======== STORED DATA ========
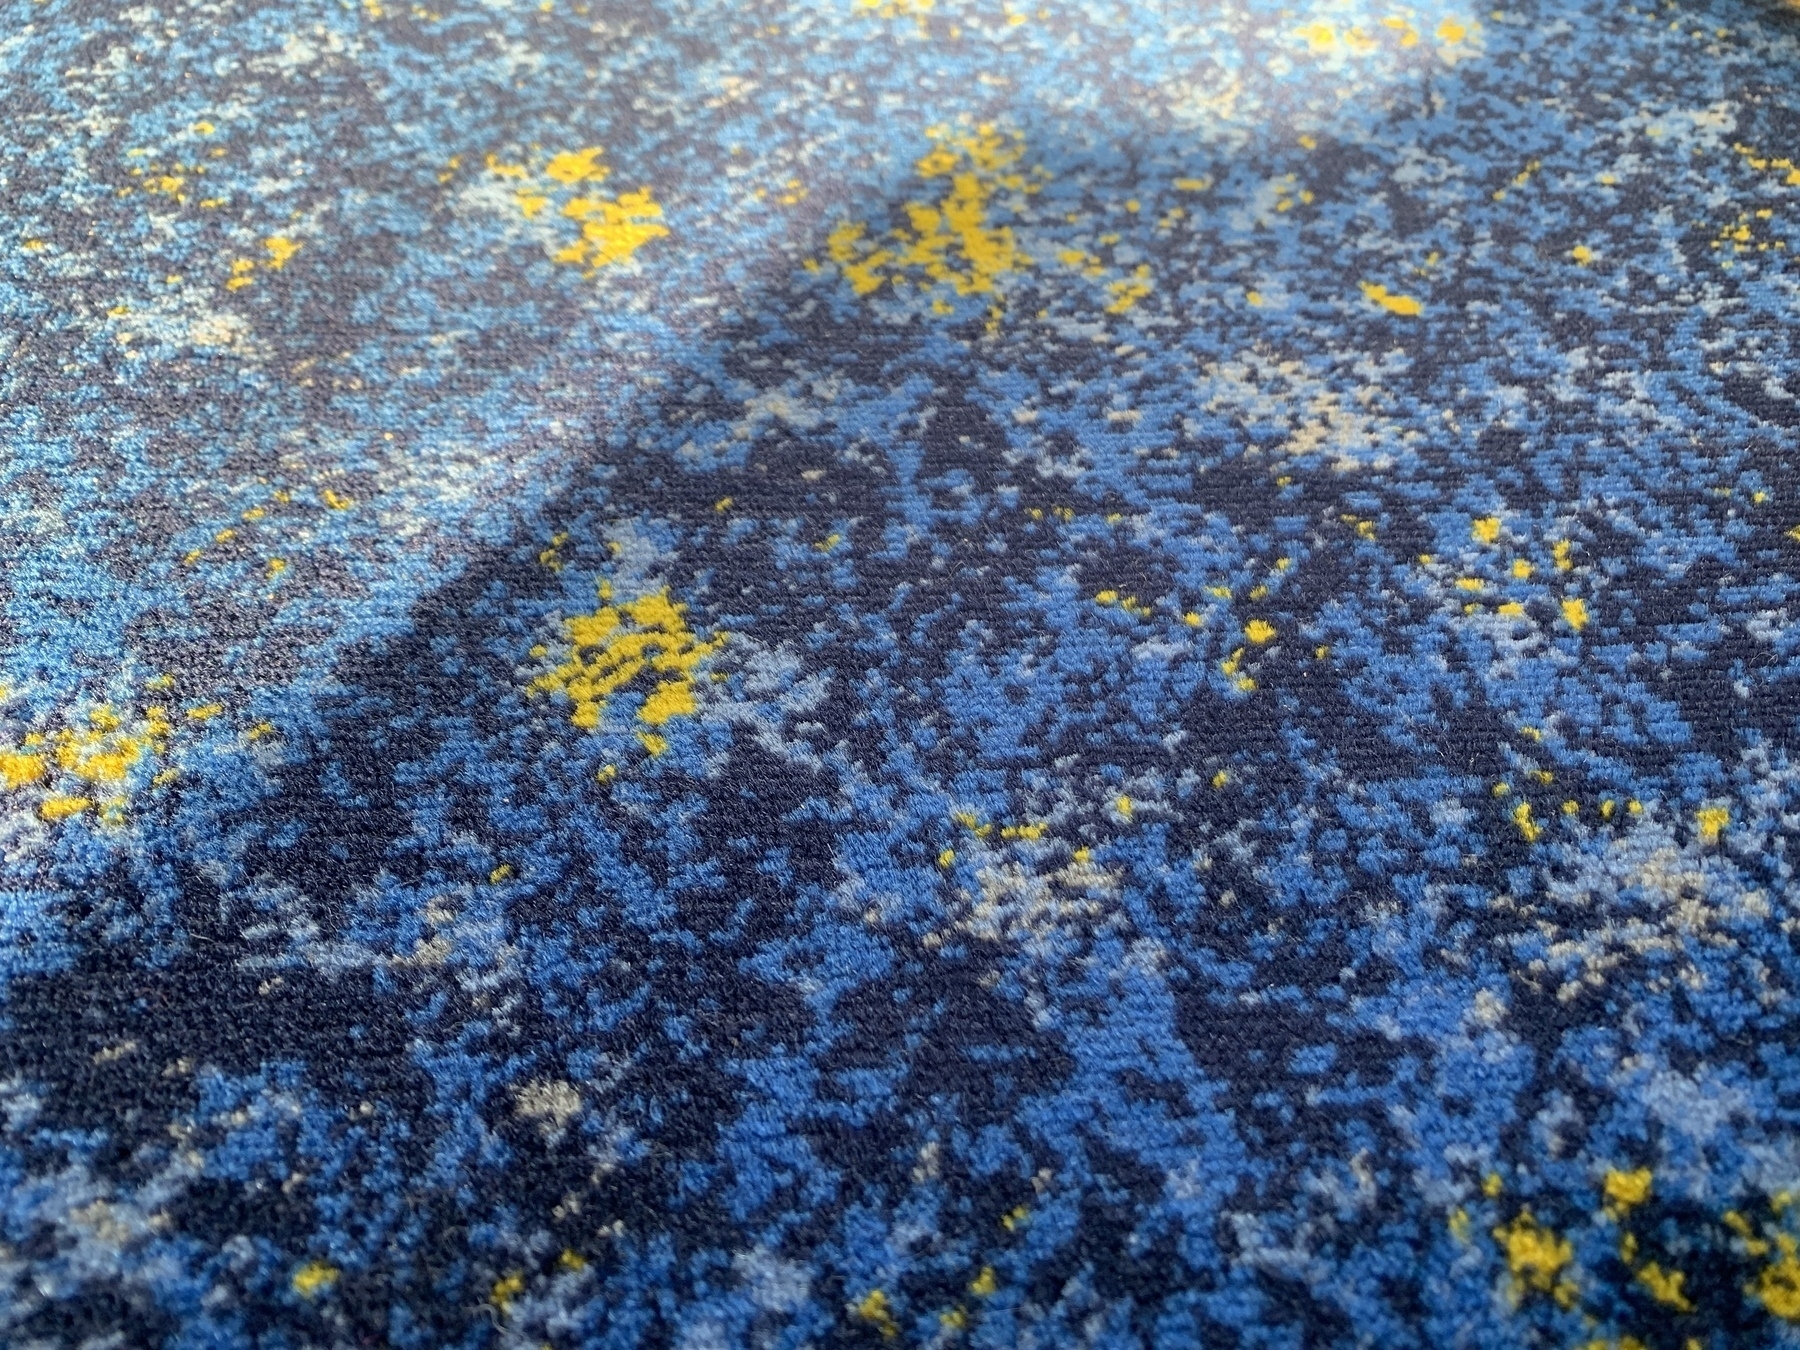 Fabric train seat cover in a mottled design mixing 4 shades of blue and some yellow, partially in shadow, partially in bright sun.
========
======== STORED DATA ========
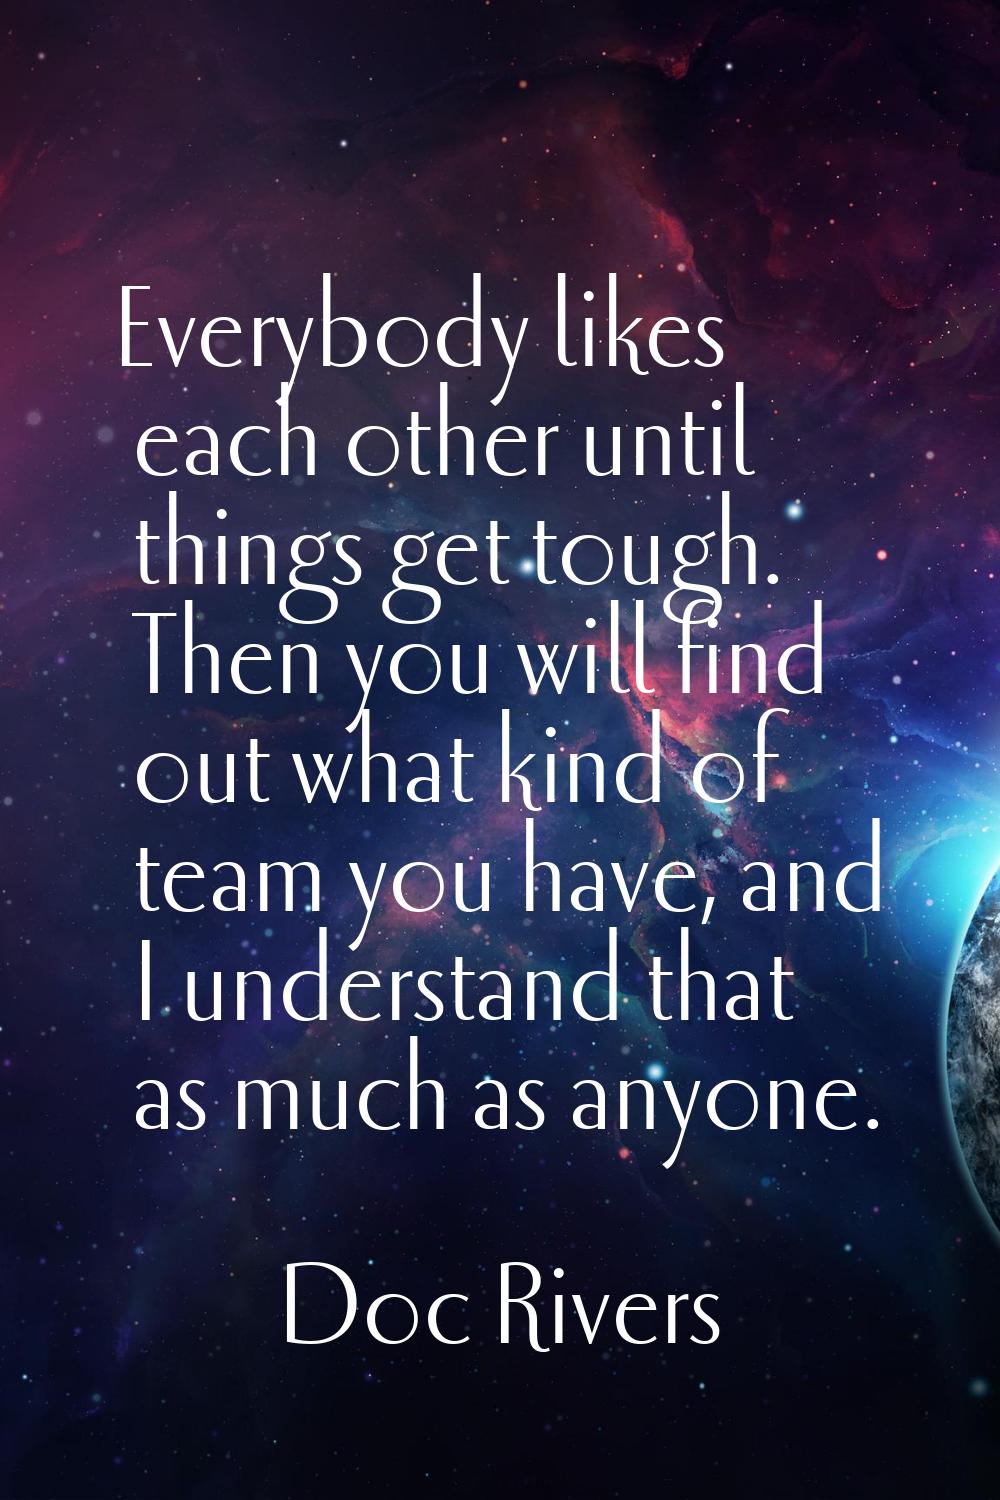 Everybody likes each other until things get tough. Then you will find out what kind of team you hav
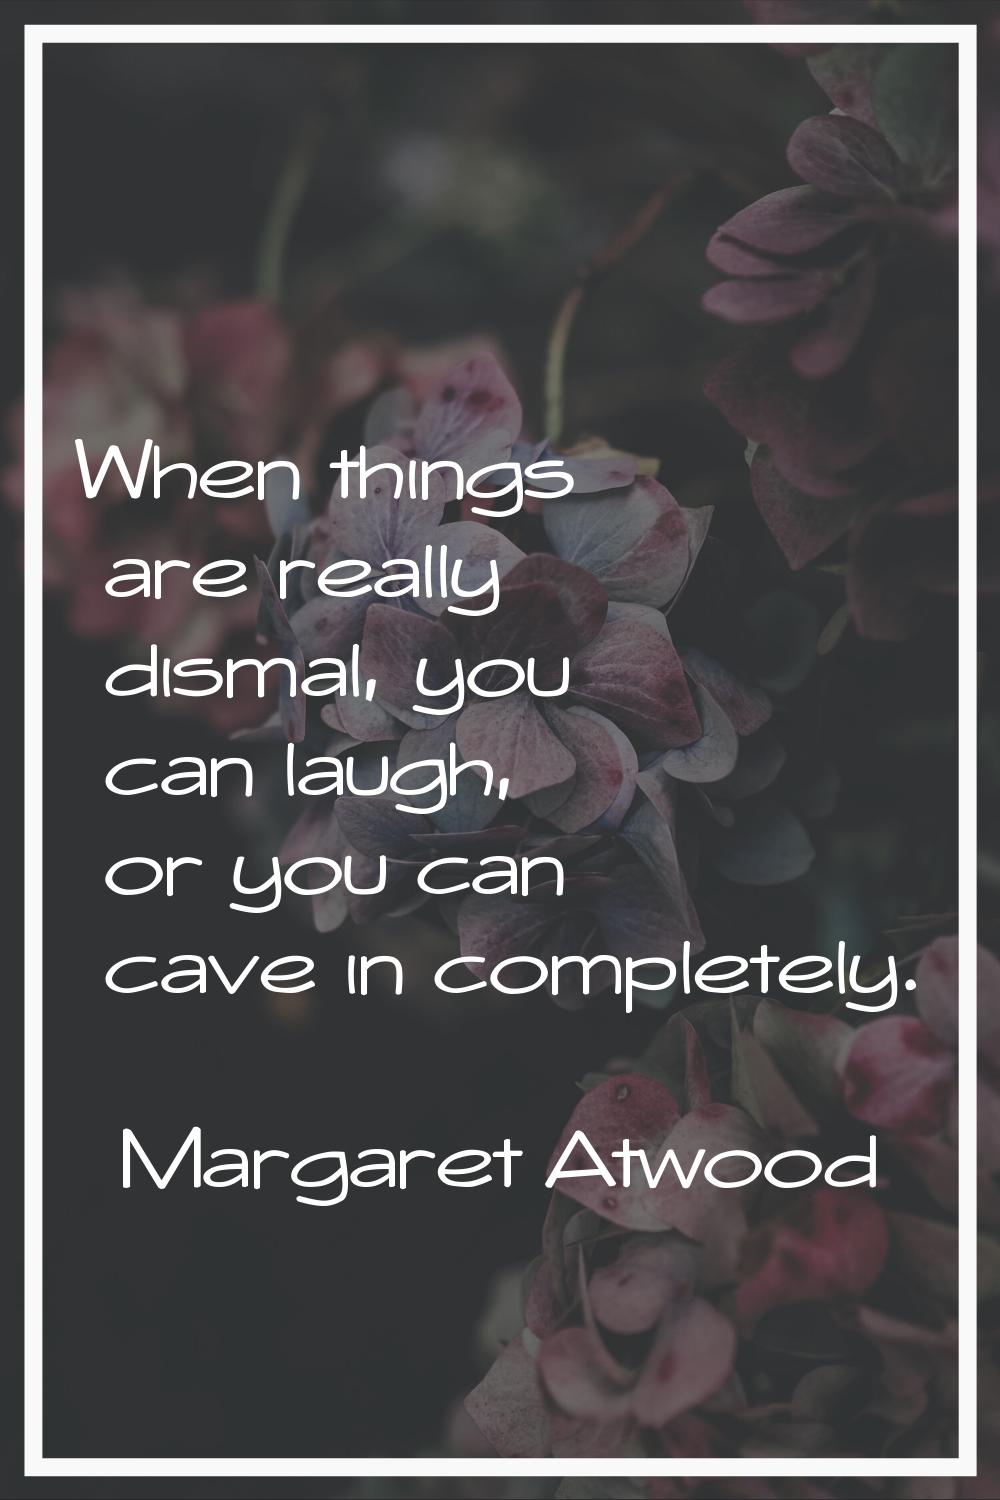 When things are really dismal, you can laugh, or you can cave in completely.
========
## TASK DIRECTIONS:
The lines above from the line with "Everybody likes each" through the line with "When things are" are to be given again word for word, with no pictures among them.

## WRITTEN RESPONSE:
 Everybody likes each other until things get tough. Then you will find out what kind of team you hav
 When things are really dismal, you can laugh, or you can cave in completely.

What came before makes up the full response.